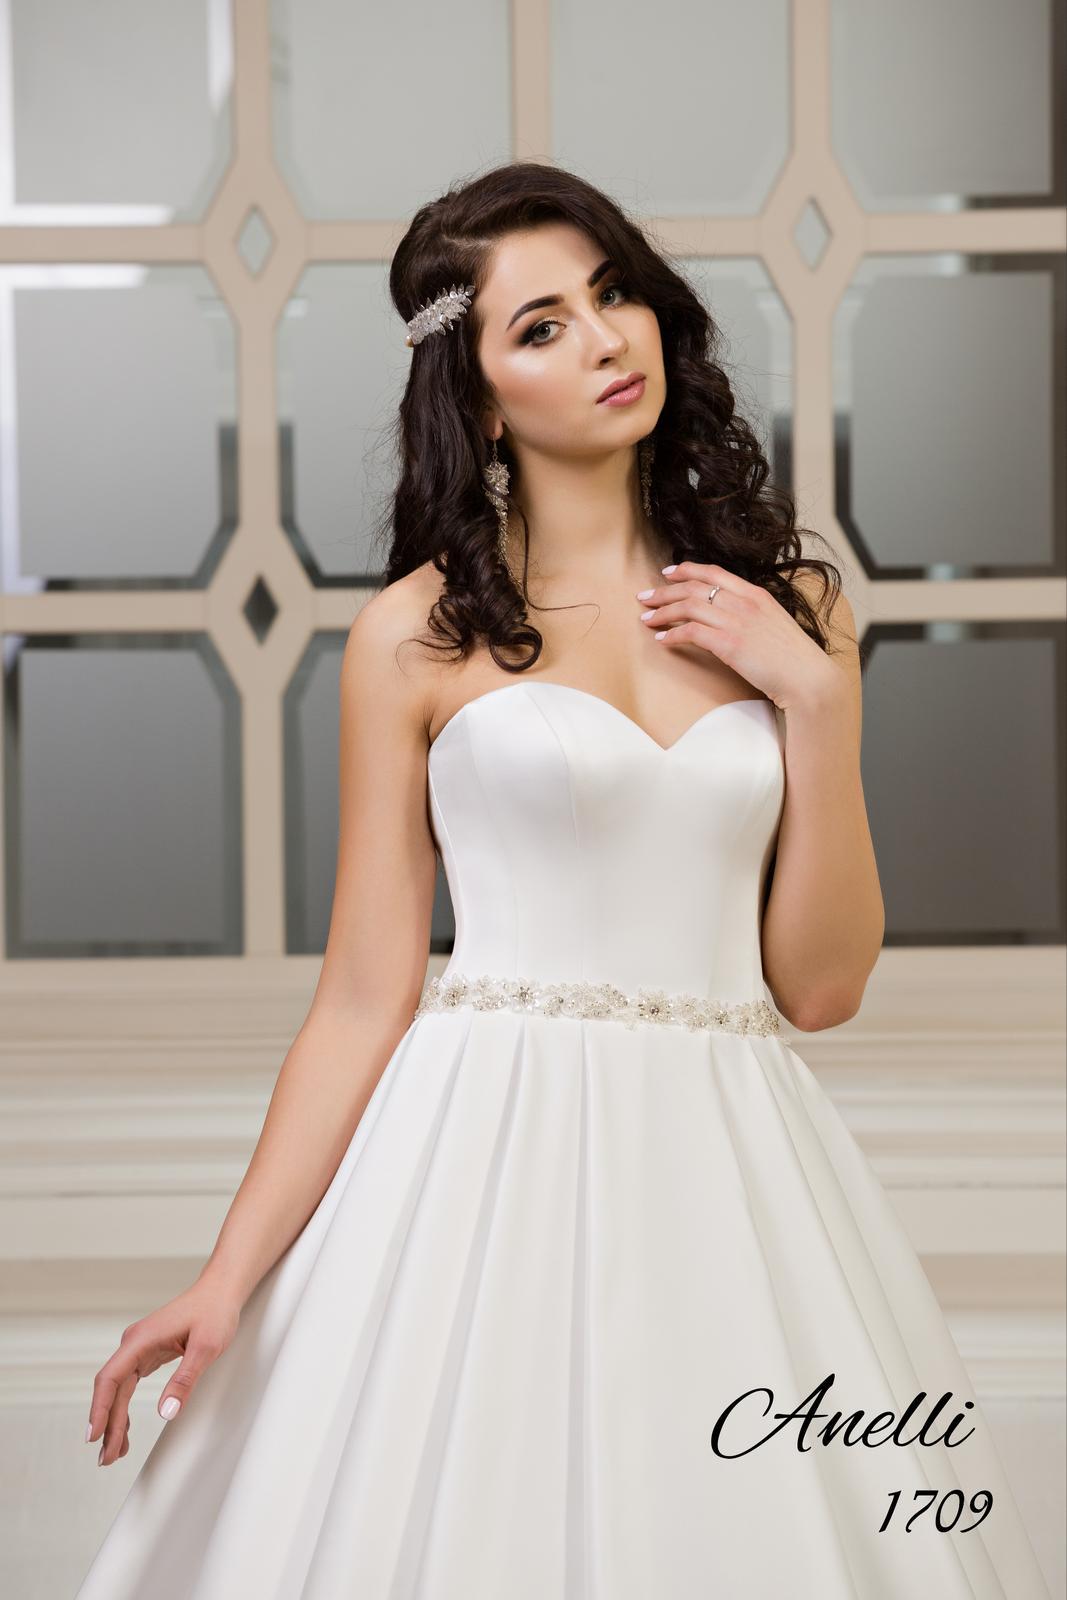 Svadobné šaty - Debut 1709 - Obrázok č. 2
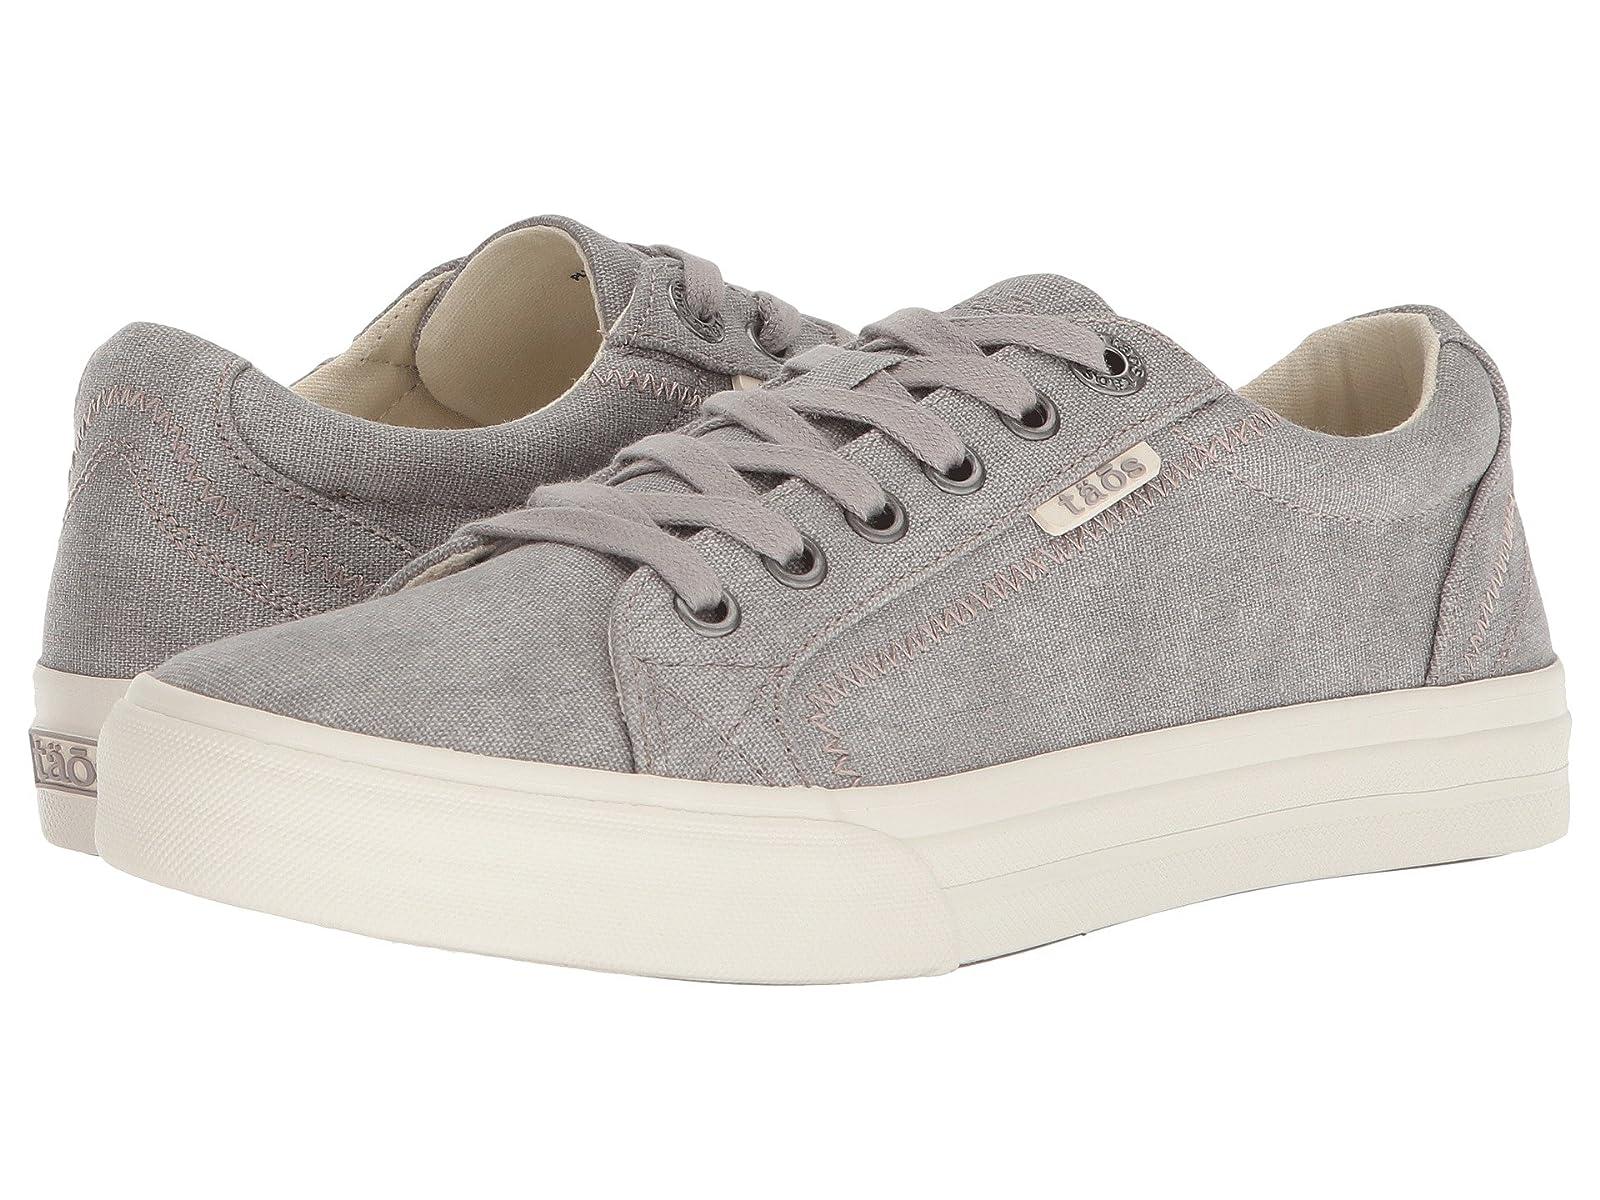 Taos Footwear Plim SoulAtmospheric grades have affordable shoes
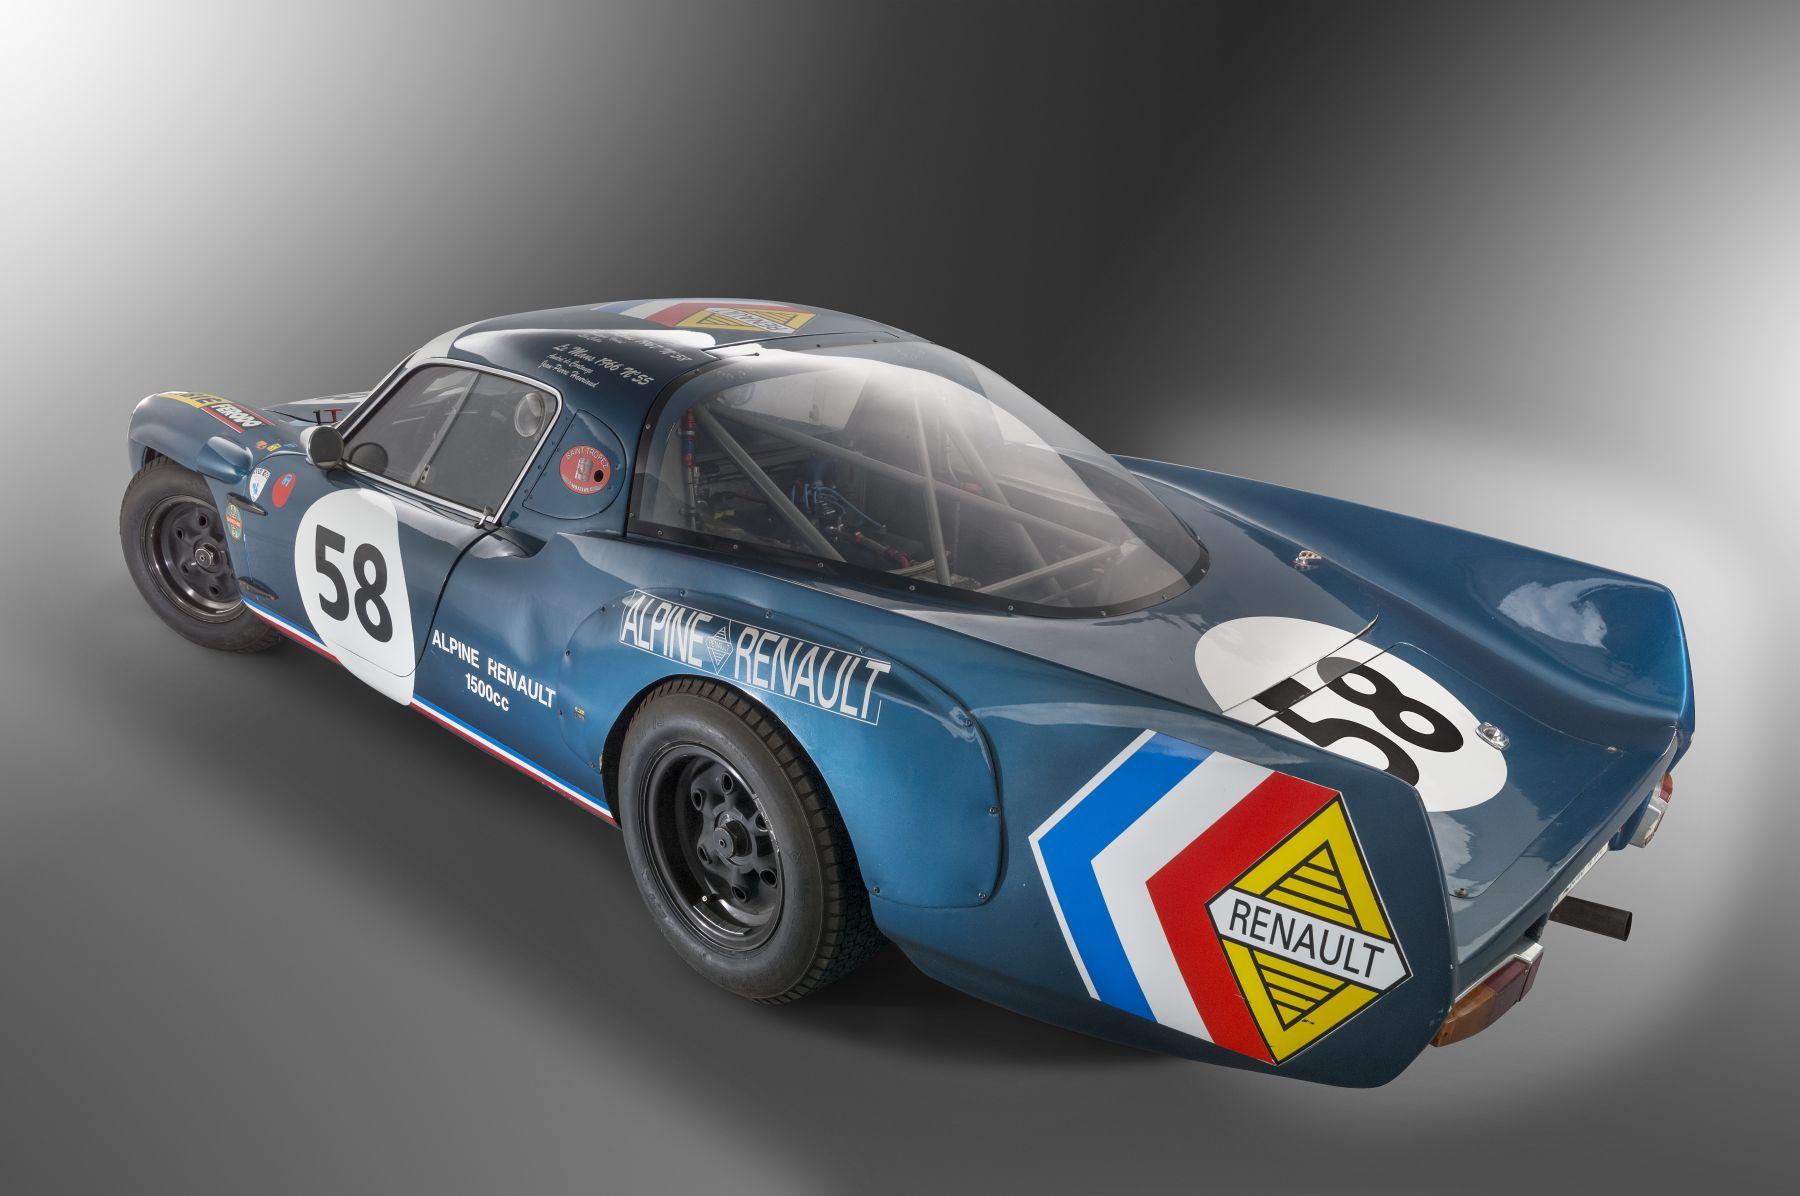 Alpine A210 Le Mans 1966 classicdriver com 20_10

EXERCISE DIRECTIONS:
Everything from the line containing "Taos Footwear Plim" through the end of the data should be printed exactly, line for line, except the pictures.

RESULT BELOW:
 Taos Footwear Plim SoulAtmospheric grades have affordable shoes
 Alpine A210 Le Mans 1966 classicdriver com 20_10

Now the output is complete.